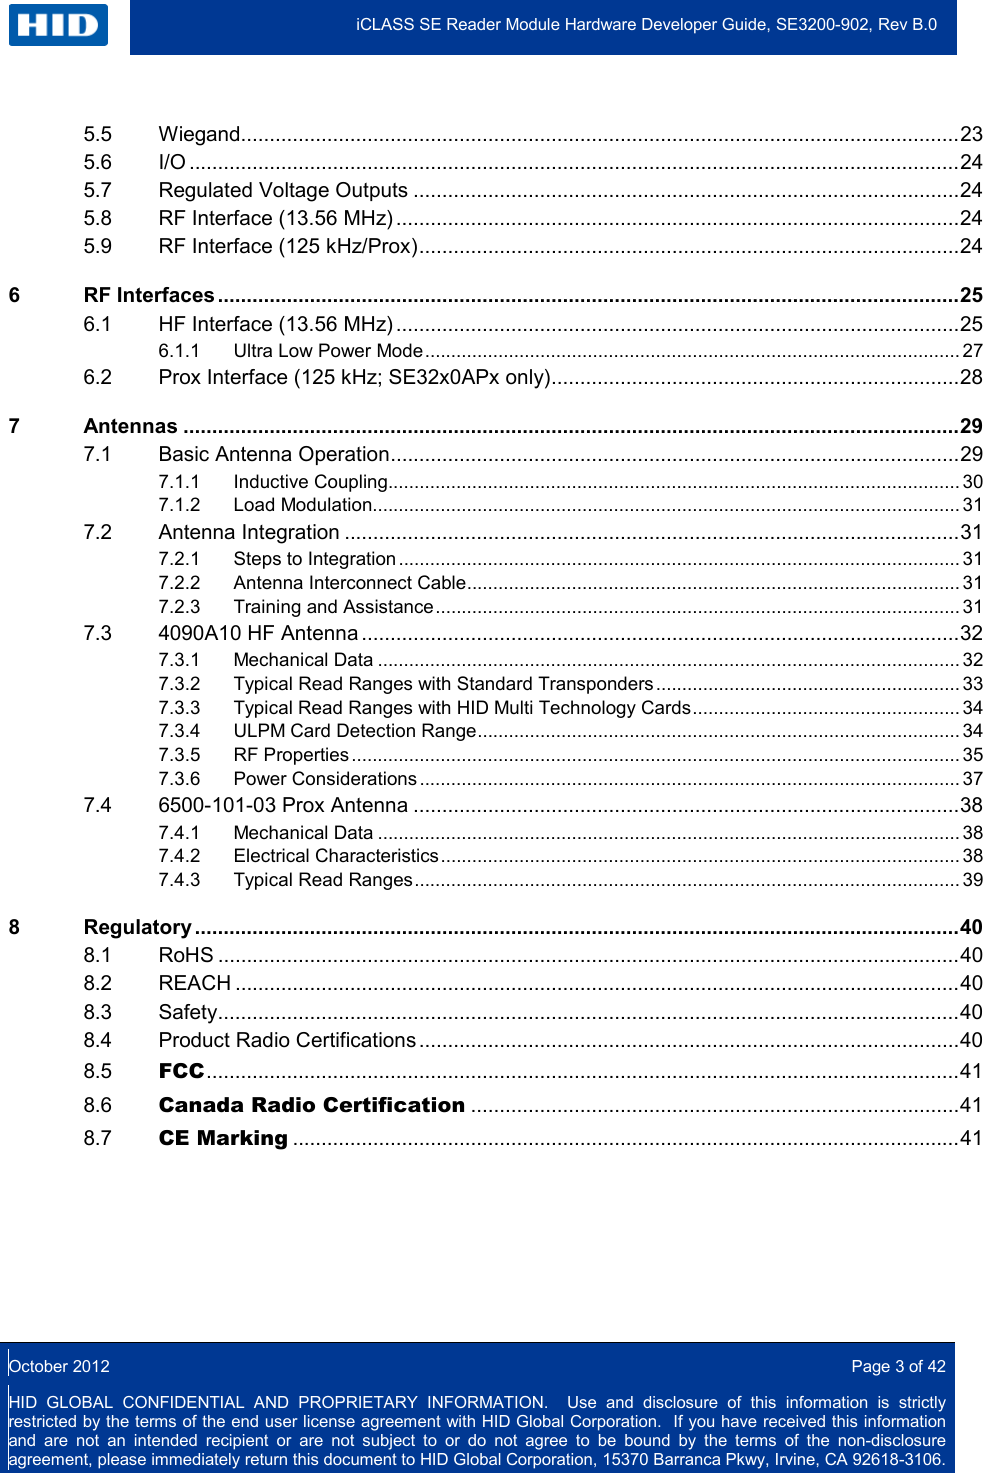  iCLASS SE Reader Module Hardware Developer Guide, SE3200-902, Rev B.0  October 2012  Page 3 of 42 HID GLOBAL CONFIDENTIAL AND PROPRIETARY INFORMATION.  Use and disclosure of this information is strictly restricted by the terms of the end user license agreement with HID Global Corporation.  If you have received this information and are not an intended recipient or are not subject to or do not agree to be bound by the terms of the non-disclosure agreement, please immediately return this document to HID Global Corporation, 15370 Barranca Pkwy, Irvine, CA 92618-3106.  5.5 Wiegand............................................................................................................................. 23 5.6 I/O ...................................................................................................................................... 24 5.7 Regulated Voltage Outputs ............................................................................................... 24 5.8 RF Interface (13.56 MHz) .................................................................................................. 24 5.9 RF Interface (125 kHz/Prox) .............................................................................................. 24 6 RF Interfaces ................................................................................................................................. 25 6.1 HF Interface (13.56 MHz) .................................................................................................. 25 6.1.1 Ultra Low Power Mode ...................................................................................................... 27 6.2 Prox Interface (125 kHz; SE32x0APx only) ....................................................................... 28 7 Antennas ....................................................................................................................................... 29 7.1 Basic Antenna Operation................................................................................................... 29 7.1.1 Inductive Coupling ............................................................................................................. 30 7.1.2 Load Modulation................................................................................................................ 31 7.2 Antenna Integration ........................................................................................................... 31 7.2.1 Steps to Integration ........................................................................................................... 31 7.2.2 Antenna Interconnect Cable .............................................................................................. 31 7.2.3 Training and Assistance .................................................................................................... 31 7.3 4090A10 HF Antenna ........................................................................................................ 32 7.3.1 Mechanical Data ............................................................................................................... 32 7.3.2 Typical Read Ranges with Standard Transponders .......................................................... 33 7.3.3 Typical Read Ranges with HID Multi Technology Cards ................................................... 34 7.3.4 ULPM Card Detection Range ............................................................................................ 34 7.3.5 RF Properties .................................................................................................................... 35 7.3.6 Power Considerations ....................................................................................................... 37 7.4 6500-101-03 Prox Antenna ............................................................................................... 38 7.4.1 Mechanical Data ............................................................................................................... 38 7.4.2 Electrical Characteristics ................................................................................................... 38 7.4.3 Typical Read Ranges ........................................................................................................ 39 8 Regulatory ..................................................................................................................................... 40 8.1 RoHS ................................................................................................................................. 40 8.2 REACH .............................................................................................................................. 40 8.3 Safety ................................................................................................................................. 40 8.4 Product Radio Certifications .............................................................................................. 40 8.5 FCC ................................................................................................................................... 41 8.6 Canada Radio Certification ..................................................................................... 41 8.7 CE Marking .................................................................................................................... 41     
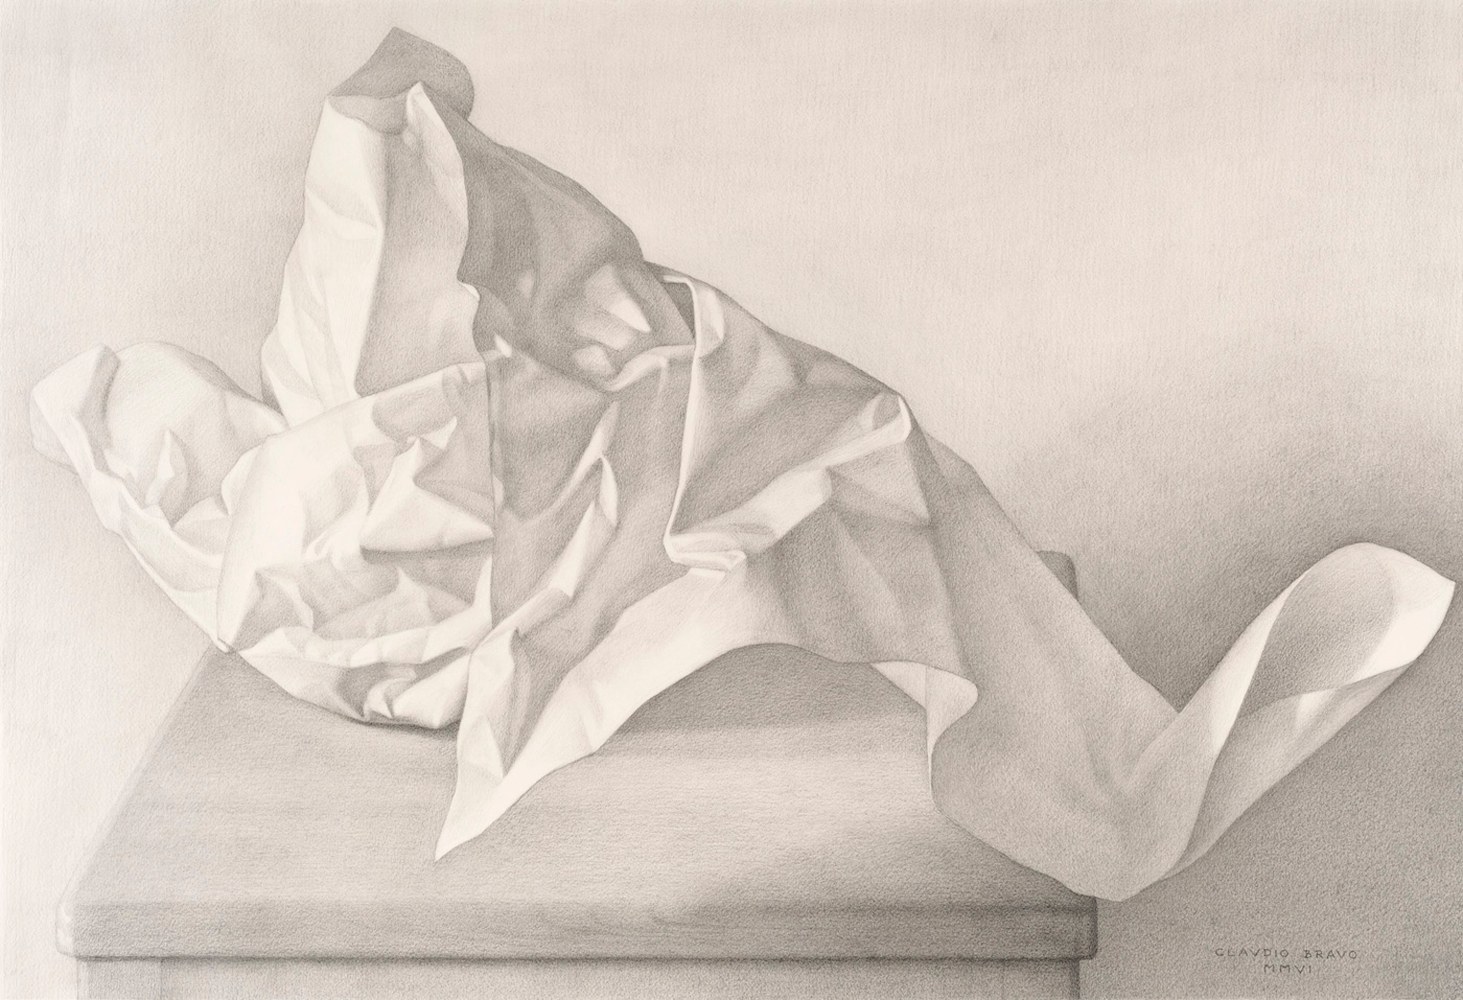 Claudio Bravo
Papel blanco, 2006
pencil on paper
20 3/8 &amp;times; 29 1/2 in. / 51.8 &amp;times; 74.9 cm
--
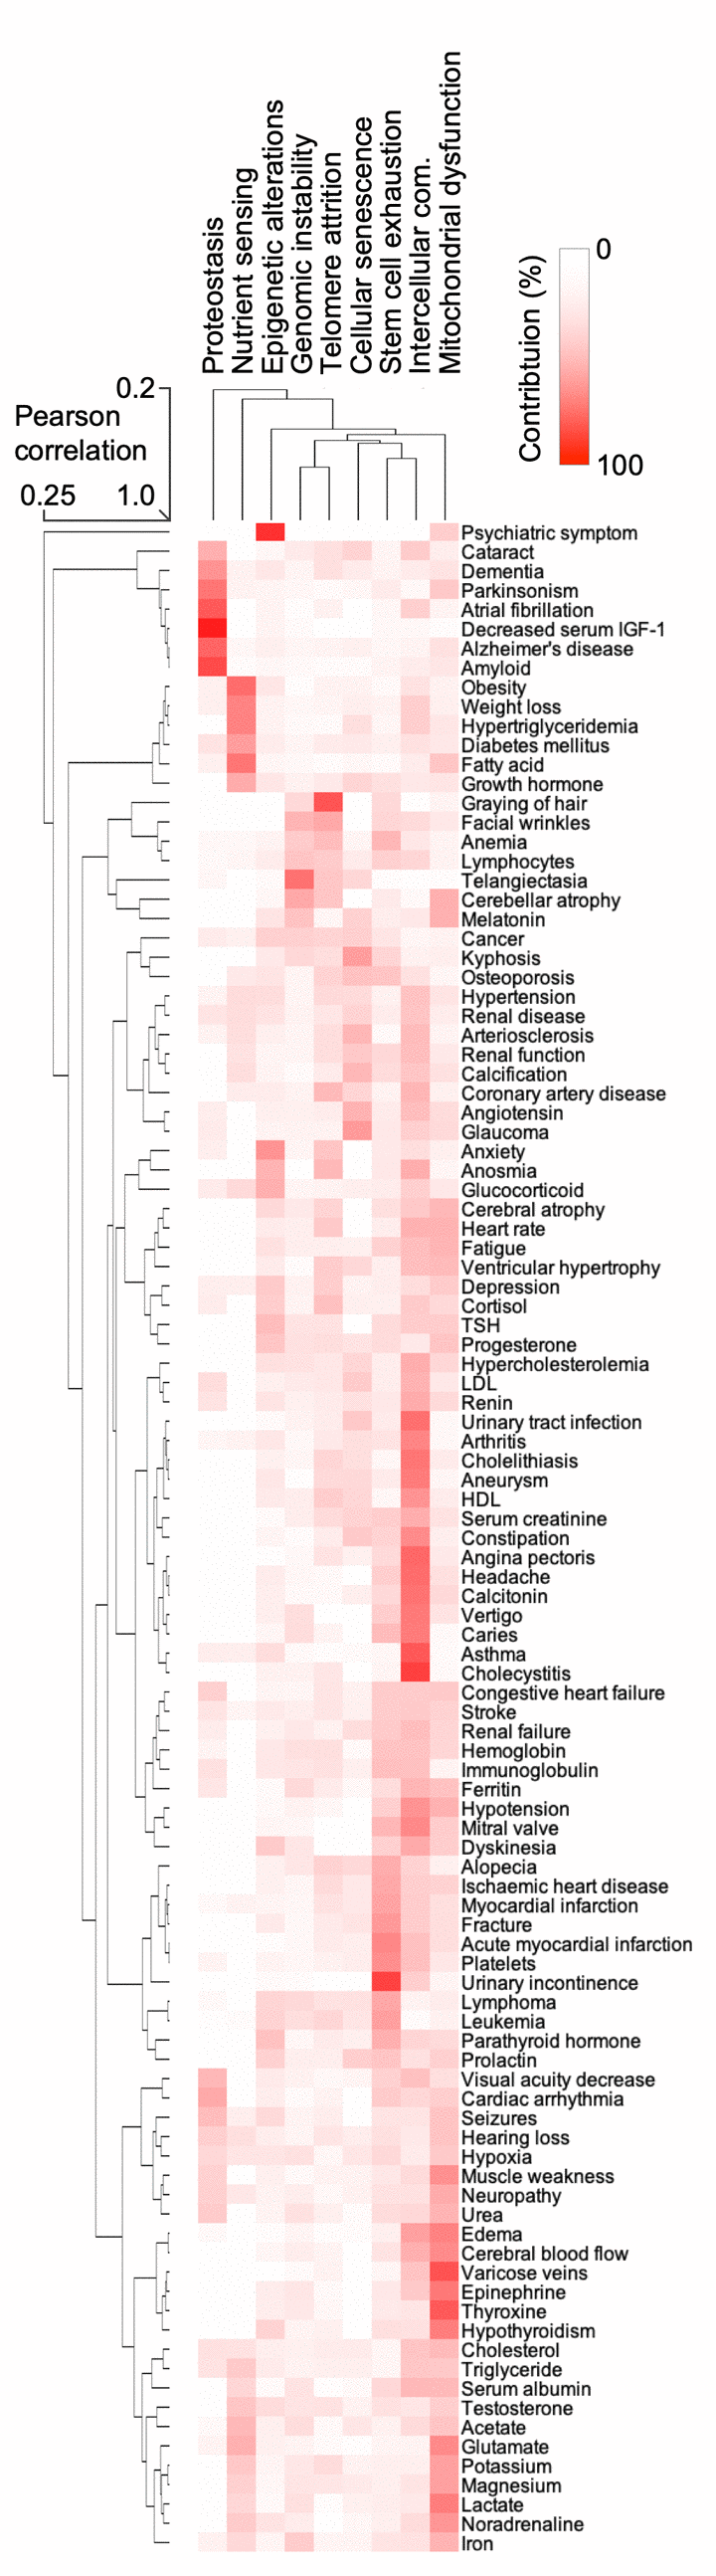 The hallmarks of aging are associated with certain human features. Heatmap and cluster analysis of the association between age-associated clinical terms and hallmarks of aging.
--
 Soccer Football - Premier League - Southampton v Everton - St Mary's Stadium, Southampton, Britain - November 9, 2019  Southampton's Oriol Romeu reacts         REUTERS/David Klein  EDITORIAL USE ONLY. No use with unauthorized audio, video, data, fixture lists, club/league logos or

__Task prompt__
Look above for the line holding "Papel blanco, 2006" and the line holding "20 3/8 &amp;times;". Retype both, and every line between them, word for word and nothing else.

__Answer to the problem__
Papel blanco, 2006
pencil on paper
20 3/8 &amp;times; 29 1/2 in. / 51.8 &amp;times; 74.9 cm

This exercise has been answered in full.